HUELVA INFORMACION
- TRES CAIDAS SE RINDE ANTE LAS HERMANAS DE LA CRUZ EN UN ABRAZO ETERNO-
Huelva es una ciudad de contrastes y ritos inamovibles. Si a las 16:45 el barrio del Polvorín estallaba en júbilo y devoción para ver la salida de la Hermandad de las Tres Caídas, el reloj parecía detenerse unas horas después en el corazón del centro. El Señor de las Penas, tras dejar atrás la solera de su barrio, llegaba a la Plaza Niña para cumplir con una de las citas más esperadas de nuestra Semana Santa: el saludo a las Hermanas de la Cruz.
Un rezo compartido
El bullicio de la tarde se transformó en un silencio respetuoso cuando el imponente misterio se plantó ante las puertas del convento. Allí, el tiempo se fundió en el rezo de un Credo conjunto entre los hermanos y las religiosas. Como marca la tradición cada año, las hermanas ofrecieron un ramo de flores a los titulares de la cofradía, un gesto de sencillez que subraya el vínculo inquebrantable entre la hermandad y la orden.
El capataz, Fabián Tello, visiblemente emocionado, tomó el llamador para dedicar la levantá: "Benditas ellas y ustedes que vais a llevar al Señor al cielo", arengó a sus costaleros bajo las trabajaderas. Al golpe del martillo, el paso se elevó con elegancia mientras la Banda de Cornetas y Tambores Jesús Nazareno rompía el silencio con sus sones, iniciando la revirá que conduciría a la cofradía hacia los alrededores de la iglesia de La Esperanza.
Estrenos y patrimonio en la calle
Este Lunes Santo, la hermandad ha lucido con especial brillo gracias a un importante catálogo de estrenos. En el cortejo y los pasos se han podido admirar:
- Orfebrería: La restauración de la vara de Teniente de Hermano Mayor y la coraza del romano, además del nuevo asta para el guion parroquial, obras de Manuel Fernando y Juan Antonio Borrero.
- Textil: Los nuevos ropajes del taller de costura Toisón, con gargantilla y broche de Juan Robles.
- El Palio: El delicado encaje de Bruselas que conformaba el nuevo rostrillo de la Virgen, aportando una luz especial al rostro de la dolorosa.
Una salida de "corazón" y memoria
Sin embargo, el patrimonio material no pudo opacar la carga sentimental de esta jornada. La salida desde la Parroquia del Sagrado Corazón de Jesús fue, posiblemente, una de las más desgarradoras que se recuerdan.

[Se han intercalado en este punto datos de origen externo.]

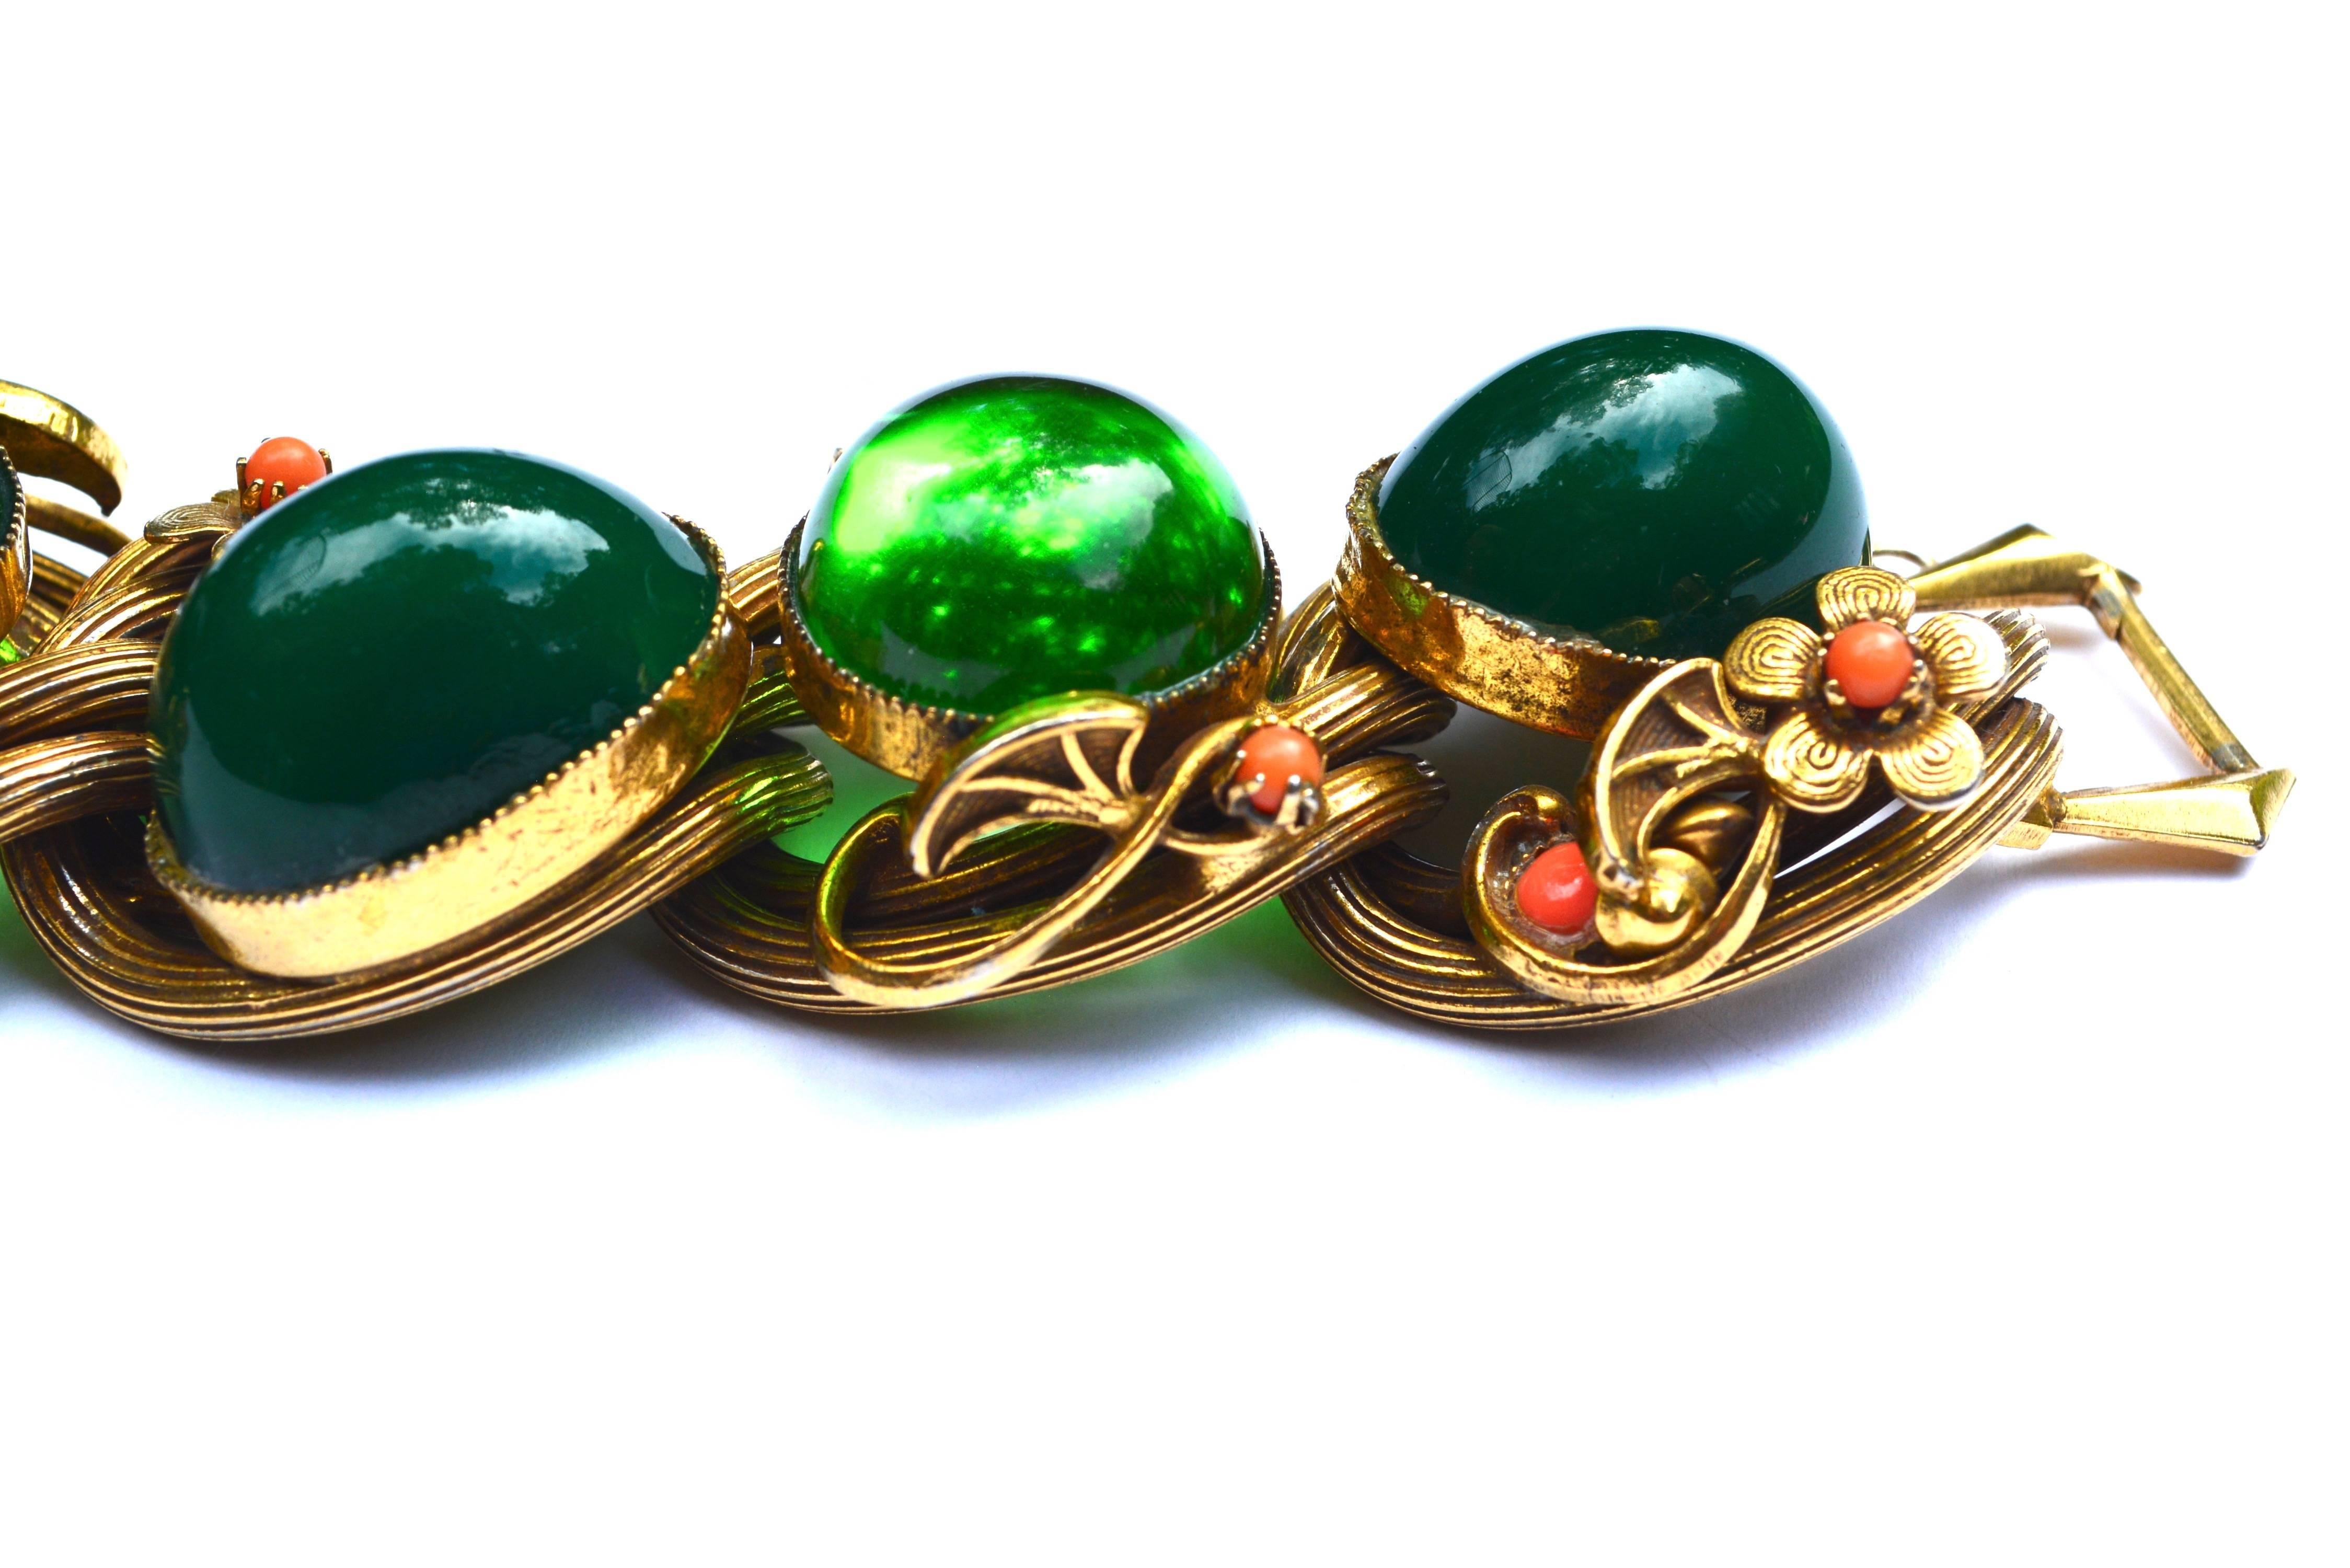 50s oversized two toned glass bracelet. Construction appears to be very similar to Selro, but it is unsigned.  The cabochons appear to be frosted darker green glass with faceted boarders and lighter apple sauce style green glass pieces. The chunky
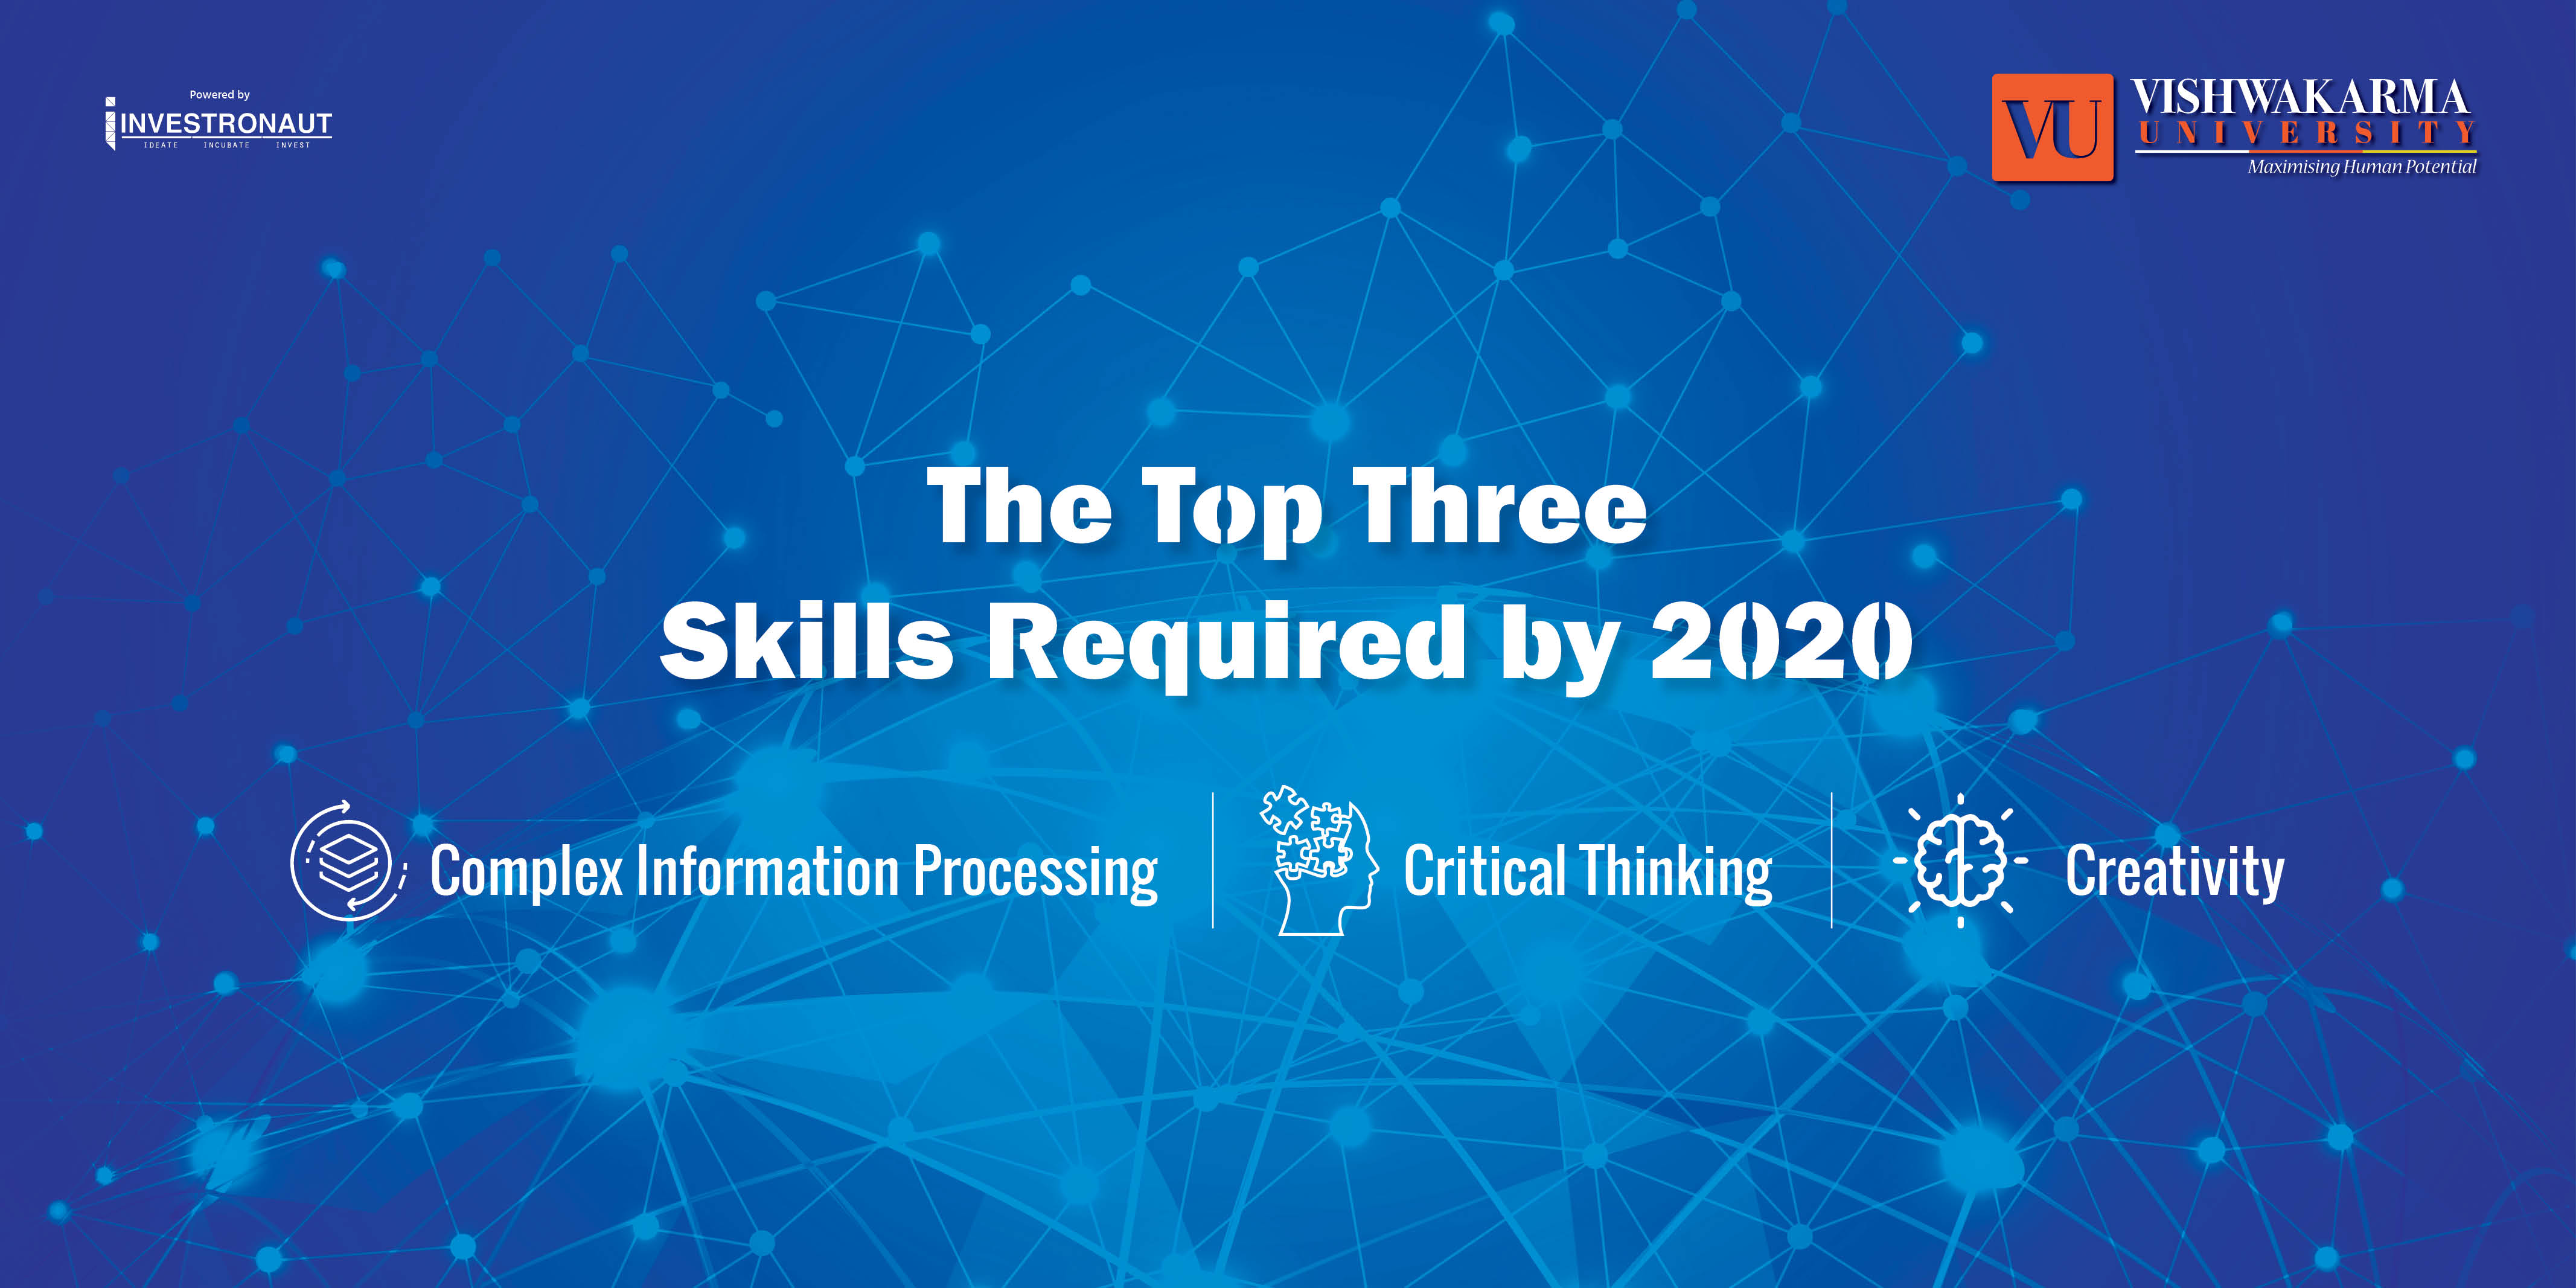 Linkedlin Post For The top three skills required by 2020

Antes de que el Señor asomara por el dintel, el silencio se apoderó del templo para rendir tributo a Natividad de la Torre y a David Cordón, fallecidos el pasado enero en el trágico accidente de Adamuz. Un allegado de Natividad y el joven futbolista Davinchi, hijo de David, fueron los encargados de realizar la primera levantá del paso de misterio.
"La primera va por ellos, especialmente, y por todos los que se quedaron allí", sentenció Tello. Para Davinchi, el recorrido de ayer fue mucho más que una estación de penitencia; fue el cumplimiento de una herencia de fe. Su padre, devoto incondicional del Cristo de las Penas, vio este año a su hermandad desde el "balcón del cielo", mientras su hijo caminaba por las calles de Huelva manteniendo viva una llama que el destino no ha podido apagar.
La cofradía continuó su camino hacia la Carrera Oficial, prevista para las 20:35, dejando tras de sí un rastro de incienso, música y, sobre todo, una memoria que el Polvorín guarda como su tesoro más preciado.